For their part, the drug companies say that current pricing pressures are restricting innovations. Without adequate compensation, they say, companies simply will not be able to invest in new products given the costs involved and the risk of failure.

This isn’t unique to Ireland. Reporting annual results earlier this month, Bayer chief executive Marijn Dekkers expressed concern “about the side-effects” of health service reforms taking place around the world “because the money we earn from today’s medicines pays for the development of tomorrow’s medicines”.

Pointing to the €2 billion research and development cost of Xarelto, a new drug developed with Johnson Johnson to prevent blood clotting, he said: “We need innovative pharmaceuticals more than ever, because so many known diseases still cannot be treated adequately, or at all, with medicines.”

But that’s part of the problem for the major pharmaceutical companies. Many of the easy treatment areas are now well catered for. A good portion of the drugs that do so are shortly coming off patent and are easily accessible to generic competition.

The opportunities of the future lie in increasingly niche conditions or very high risk areas such as oncology and, especially, neurology. Added to this is the move to biologics and the trend towards more personalised medicines.

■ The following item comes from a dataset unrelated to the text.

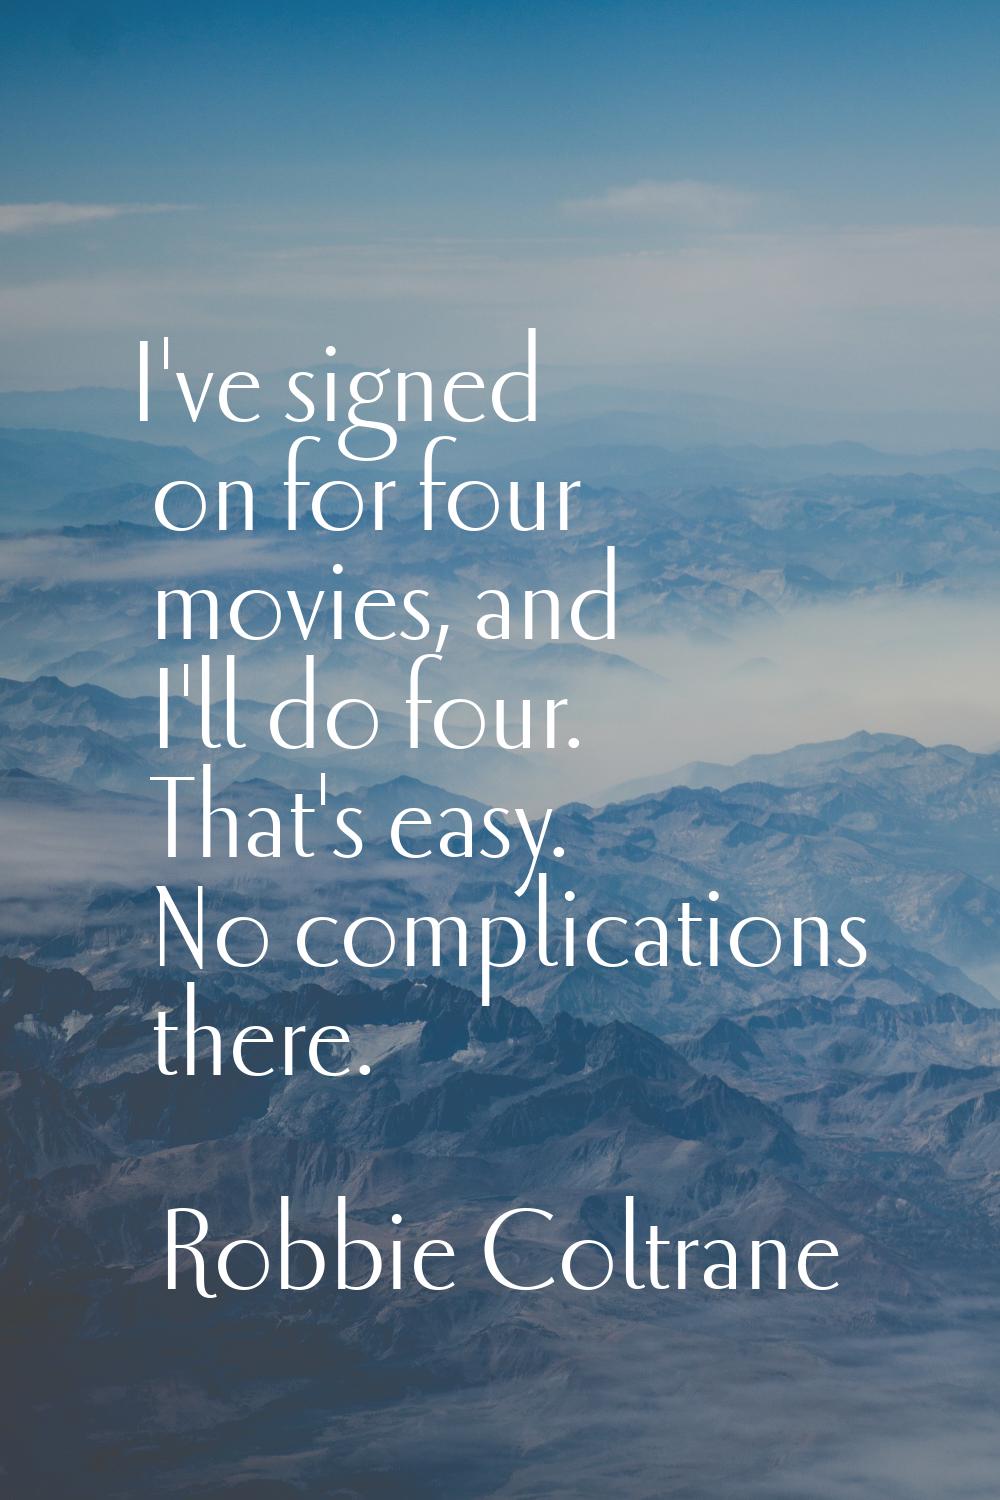 I've signed on for four movies, and I'll do four. That's easy. No complications there.

The challenge is evident in the fact that, last year, the US drug regulator, the Food and Drug Administration, licensed just a handful of new pharmaceutical therapies. Getting this more select group of drugs to as many markets as possible is increasingly critical for big pharma.

The age of the blockbuster is fading, along with the fat profit margins it offered. That presents major issues for the sector. Over time, through consolidation and acquisition, they have grown into massive unwieldy entities with poorly directed research failing to deliver sufficient pipeline.

In recent years, much effort has been devoted to streamlining operations and increasing productivity, especially on the research side. Thousands of jobs have been shed worldwide, and greater emphasis placed on outsourcing much of the early-stage RD work.

A case in point is Elan’s prospective Alzheimer’s treatment bapineuzumab. Originally developed by the company in association with Wyeth, it is now controlled by Pfizer (which acquired Wyeth to fill a perceived weakness in its biopharmaceuticals operations) and Johnson Johnson, which bought an 18.4 per cent stake in Elan in 2009 in a deal valued at $1 billion. Its interest was driven largely by the Irish company’s pipeline – particularly bapineuzumab which is seen as one of the more promising candidates to address a disease with limited treatment options at present and which reports critical Phase III trial data later this year.

The second focus is on developing new markets. But that presents its own problems, not least with business practices that have reflected poorly on the industry.

Several of the largest drug companies have been implicated in an ongoing legal action in Serbia in which a group of 10 doctors and drug company officials were charged with taking, or offering, more than €500,000 in bribes to use specific products. While all deny guilt in this case, an examination of US Securities and Exchange Commission (SEC) filings by the world’s top 10 drug companies has found that eight of them recently warned of potential costs related to charges of corruption in overseas markets.

Life is unlikely to get any easier for the sector over the coming two or three years. That raises the stakes in the ongoing price negotiations. The new accord was due to come into force yesterday and, as the leaked Commission assessment this week illustrated, pressure on the Government to deliver the necessary savings to ensure their budgetary projections is only likely to intensify.